Cyril 178

Cicerón

«La patria no nos dio el ser para que lo reclamemos entero para nosotros mismos. Parte de lo que somos pertenece a ella por derecho: nos dio las leyes, la lengua, las costumbres, los dioses tutelares y el suelo que sostiene nuestros pasos. Amar la patria no consiste en exaltarla con palabras huecas, sino en servirla con justicia, porque no hay amor más vil que aquel que se proclama mientras se traiciona el bien común».

Antonio Machado

«La patria no es el ayer fosilizado ni el mito de una edad de oro inexistente. Es el trabajo silencioso de cada día, la honradez mínima, el respeto al otro. Se pierde una patria cuando se confunde el amor con la consigna y el pensamiento con la traición».

Claudio Sánchez-Albornoz

«España ha sido muchas veces una nación fatigada de sí misma. Ha oscilado entre la exaltación y el desaliento, entre el orgullo desmedido y la autoflagelación estéril. El problema español no es la falta de virtudes, sino la incapacidad para organizarlas en un orden civil estable y duradero».

Ángel Ganivet

«España no fracasa por exceso de idealismo, sino por su forma inconstante de idealizar. Carece de perseverancia, de disciplina interior. Se entusiasma con facilidad y se abandona con la misma rapidez. El español quiere soluciones absolutas para problemas que exigen paciencia, continuidad y método».

Pío Baroja

«En España se admira poco al que trabaja con constancia y se tolera demasiado al charlatán. El problema español es una mezcla de improvisación, desorden y desprecio por el esfuerzo silencioso. Aquí se perdona todo menos la independencia de criterio»

Cyril 177

La claridad es la principal virtud del lenguaje. Si el discurso no es claro, entonces no cumple su función. Las palabras deben ser conocidas, propias y adecuadas; pues la oscuridad no nace de la profundidad, sino del desorden, señaló Aristóteles. La claridad no garantiza la verdad, pero la oscuridad casi siempre garantiza el error.
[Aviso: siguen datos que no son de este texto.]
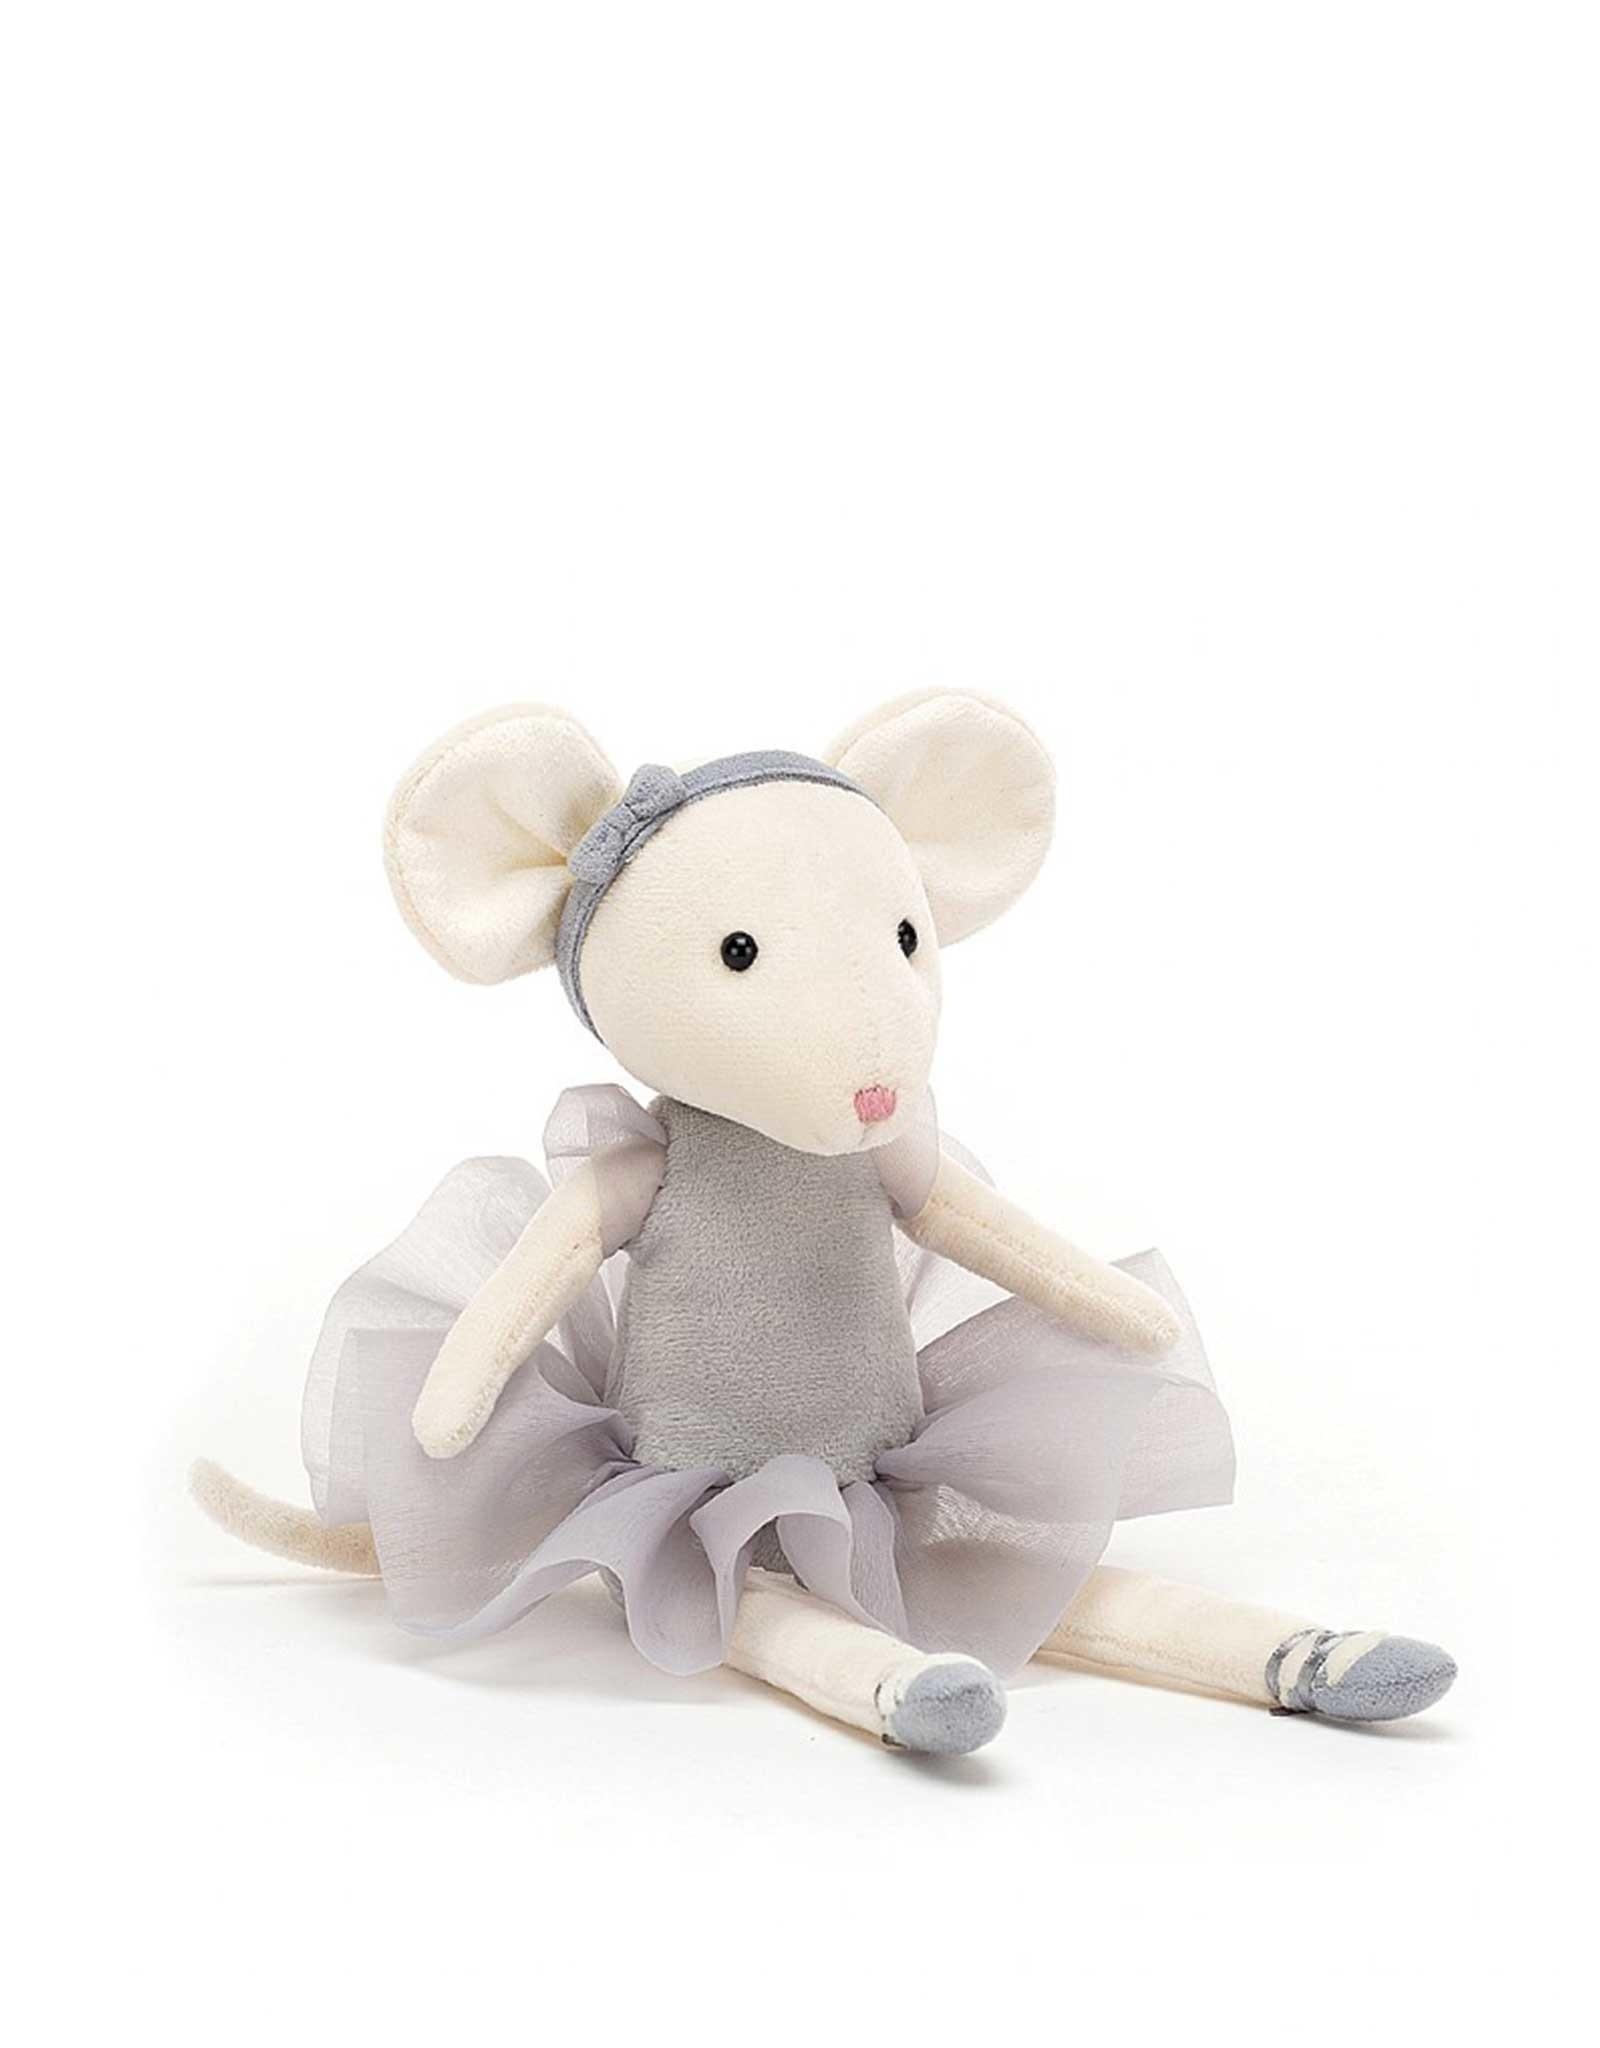 Jelly Cat Peluche - Pirouette la souris grise galet

En la elegancia literaria la belleza no oscurece el sentido ni el sentido destruye la belleza. La elegancia consiste en parecer inevitable. La elegancia es rigurosa, saltarina, pudorosa, sin pereza -costuras invisibles. La elegancia es autocontrol y honestidad.

Me gusta un yo no meramente caprichoso, sino algo argumentativo. Un yo «ondulant», que no decrete verdades absolutas. Un yo que se mueva como la música, y no únicamente como un silogismo. Un yo mitad ciencia, mitad arte. No me gusta la completa escasez de metáforas, la sintaxis al servicio exclusivo del argumento, el tono impersonal, el puro logos sin «pathos». Me gusta un yo no dueño enteramente de su casa.

Expresar mi yo con claridad y elegancia: tarea de mi vida.

Cyril 176

Vivimos en un régimen «doxamaníaco» ( de «doxa», opinión, y «manía», locura ) Donde abunda la gente que no siente necesidad alguna de apelar a instancias superiores, ni de confrontar su opinión con ninguna norma que no sea su propio gusto. Opinan de todo porque nada les obliga a saber de algo. Su rasgo capital no es la ignorancia, sino la suficiencia: no escuchan, no aprenden, no dudan.

Una afirmación repetida con seguridad adquiere para ellos la fuerza de una evidencia. El ignorante que habla con aplomo convence más que el sabio dubitativo. Pensar exige esfuerzo; opinar, no. De ahí el placer y acomodo a opiniones tajantes, inmediatas, sin complejidad.

Indiferentes a la verdad y a la responsabilidad de comprender; nunca argumentan, ni razonan, ni dan cuenta y razón con ideas estructuradas de sus conclusiones; muy perezosos al noble acto intelectual. Las ideas exigen soledad, trabajo y riesgo; las opiniones se heredan como bisutería.

Unamuno: «Hay una charlatanería moderna que no nace del exceso de palabra, sino de la falta de pensamiento. Se habla porque se teme callar; se opina porque se teme no existir. El opinador no busca verdad, busca presencia. Quiere ser oído, no tener razón».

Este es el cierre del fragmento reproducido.